2/24/13

I can't stand this loneliness

2/23/13

I am not here to commiserate with the like-minded;
I am here because I have been freed from grief and gifted with peace
My only hope is that by what I do is worthy to gift the same I've been given

Be free.

2/22/13

_____ Other ___

The Fields of Arbol; The Fields of Heaven


Alone with trembling hands and leaking eyes within the silence of a song that had been sung,
An indicator that it was not my mind or my instrument alone to which is doing the singing;
A Strength of Purpose and Meaning: its presence undeniably permeating.

"He had read of 'Space': at the back of his thinking for years had lurked the dismal fancy of the black, cold vacuity, the utter deadness, which was supposed to separate the worlds. He had not known how much it affected him till now - now that the very name 'Space' seemed a blasphemous libel for this empyrean ocean of radiance in which they swam. He could not call it 'dead'; he felt life
pouring into him from it every moment. How indeed should it be otherwise, since out of this ocean the worlds and all their life had come? He had thought it barren; he saw now that it was the womb of worlds, whose blazing and innumerable offspring looked down nightly even upon the Earth with so many eyes - and here, with how many more! No: Space was the wrong name. Older thinkers had been wiser when they named it simply the heavens - the heavens which declared the glory - the

'happy climes that ly
Where day never shuts his eye
Up in the broad fields of the sky.'

He quoted Milton's words to himself lovingly, at this time and often"

Every Night, Every Night
Every second at the wake
It breaks and consumes me,
Broken, consumed: you and me.

To you reading: please do not fulfill my fear that you will not hear.
I am of a reasonable mind and a sincere heart.


WEAREWITHOUTHOPEWITHINOURSELVESBUTTHEREISHOPEBEYONDOURWORLDSANDTHEWORLDWEWEREBORNINTO

Hope: Home
How great, the sandcastles we continue making,
None sustaining
So long as the inevitable, unseizable wind is prevailing.

What more can we ask for in a desert such as this,
Than to take refuge in what we can make,
Or to remove the reality of indefinite living?

Vulnerability
To seek:
Open insides and mind.
To real fields, the "happy climes that ly".

Not Out of Routine or Duty
Do I ever speak of embracing truth or continuity of hope
But of Love and Sincerity, should every word I speak be.

Be free,
Be free,
Be free.

2/11/13

Despite failing to maintain myself financially, I am doing what I love, designing video games and making music and managing and booking and marketing.
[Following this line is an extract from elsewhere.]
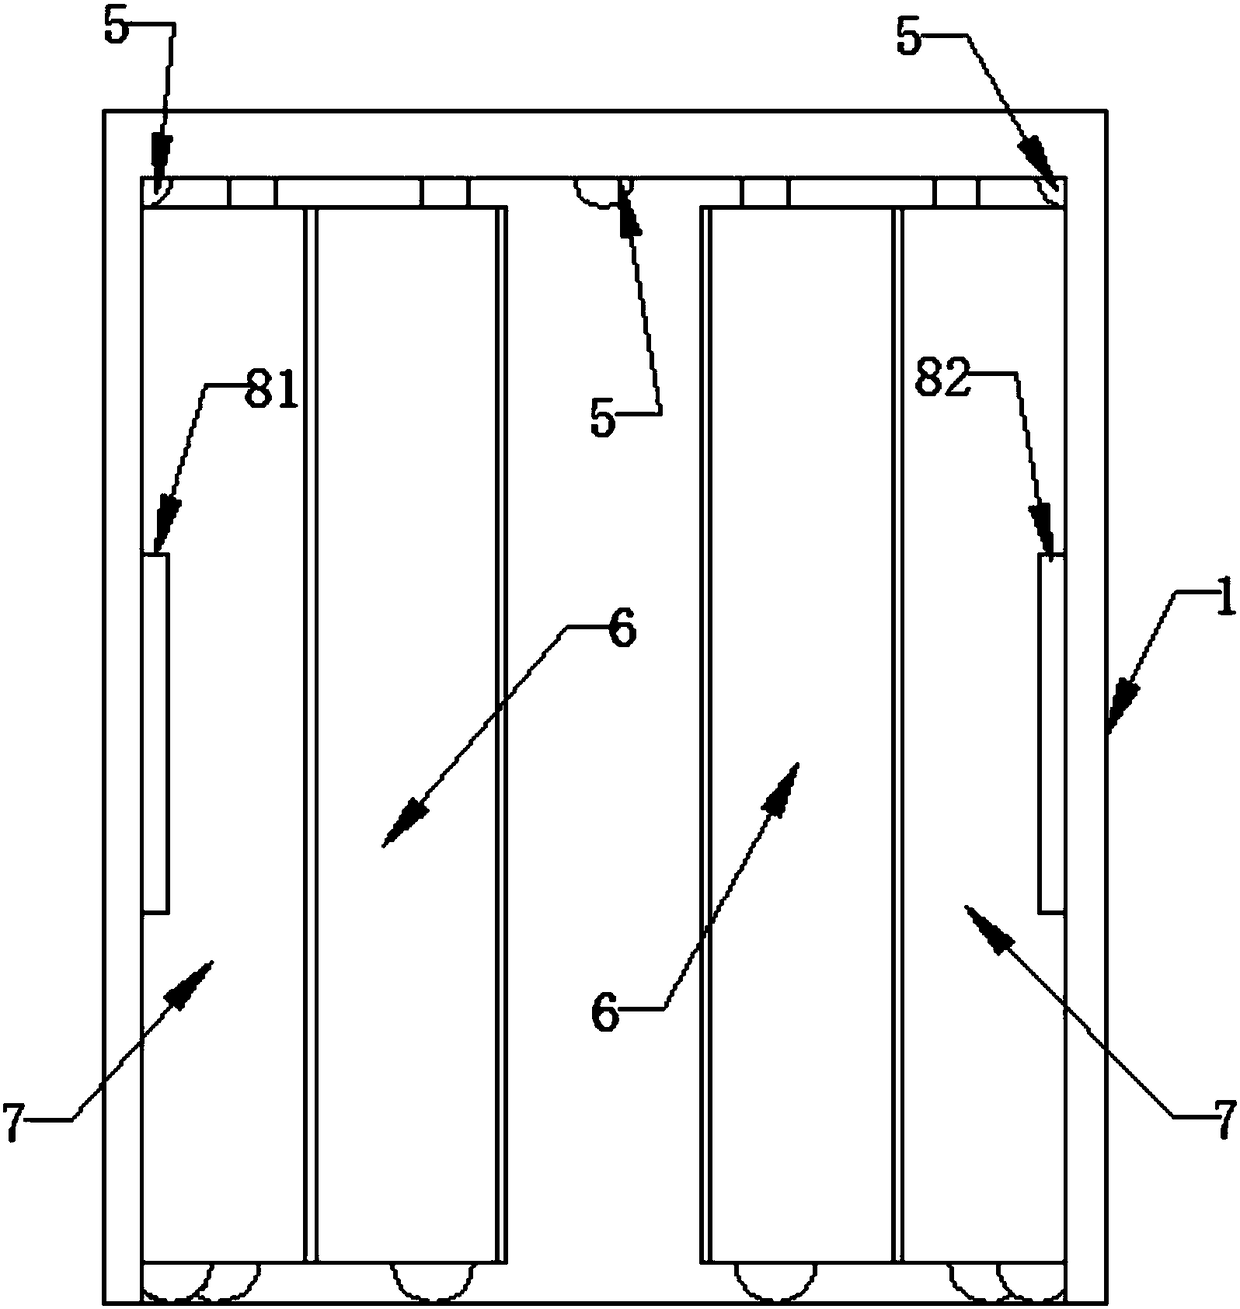 Inertia control system for door machine of multi-door elevator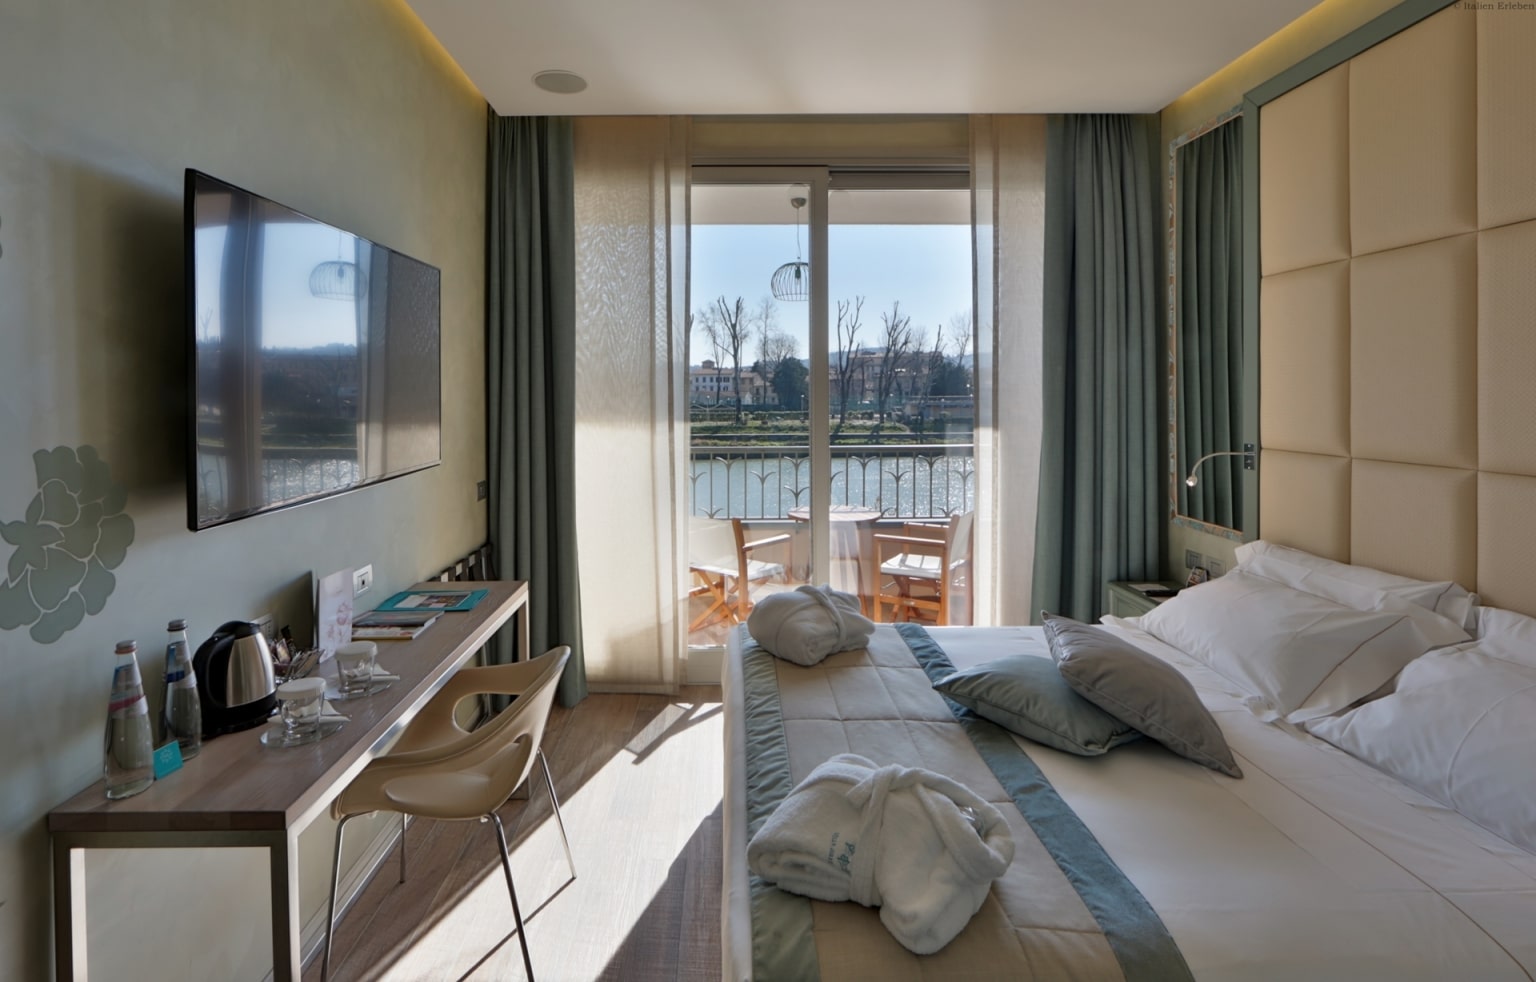 Toskana Florenz Hotel Ville sull'Arno direkt Arno Fluss nahe Altstadt historisch Stadtrand gut erreichbar Zimmer Balkon Blick

It may not be the most responsible or self-sustaining manner of doing things, but I know I can make a difference with these outlets. I can only pray that they'll reverse the financial flow provided thus far (hint: it's almost entirely negative)

2/10/13

I Need to Leave; To Die and Be Free

I need more. This stagnant way of living is causing me to decay, all I want is to press into the person I was promised to be. I fail without ceasing to accept a newness of life, but it is an unending desire to grow into the promise of new life. I need change. I can't stand the rotting of my existence. My way of life completely underwhelms my ambition. We can't keep this up, we can't give in.

2/7/13





I wish to hear this album in its entirety when I die.
The warmth and peace to fall over as I fade to unfathomable rest.

I Can't Say I've Fit Any Vision. Here's to the Prevail of Enduring Hope.

Like growing up or giving in to a call of submission,
I must first disperse my displeasure and take in all the pain.
It's only then that my insides can process and digest;
Destroy and deliver the new nutrition.

How long, the transformation of suffering to healing!
Rebuke selfishness to my own face,
Yet, facing still, the continual lack of love to give.

I've seen love instilled,
Enduring this constricting, confusing, catastrophe.

The end, to breathe, we must fight to receive.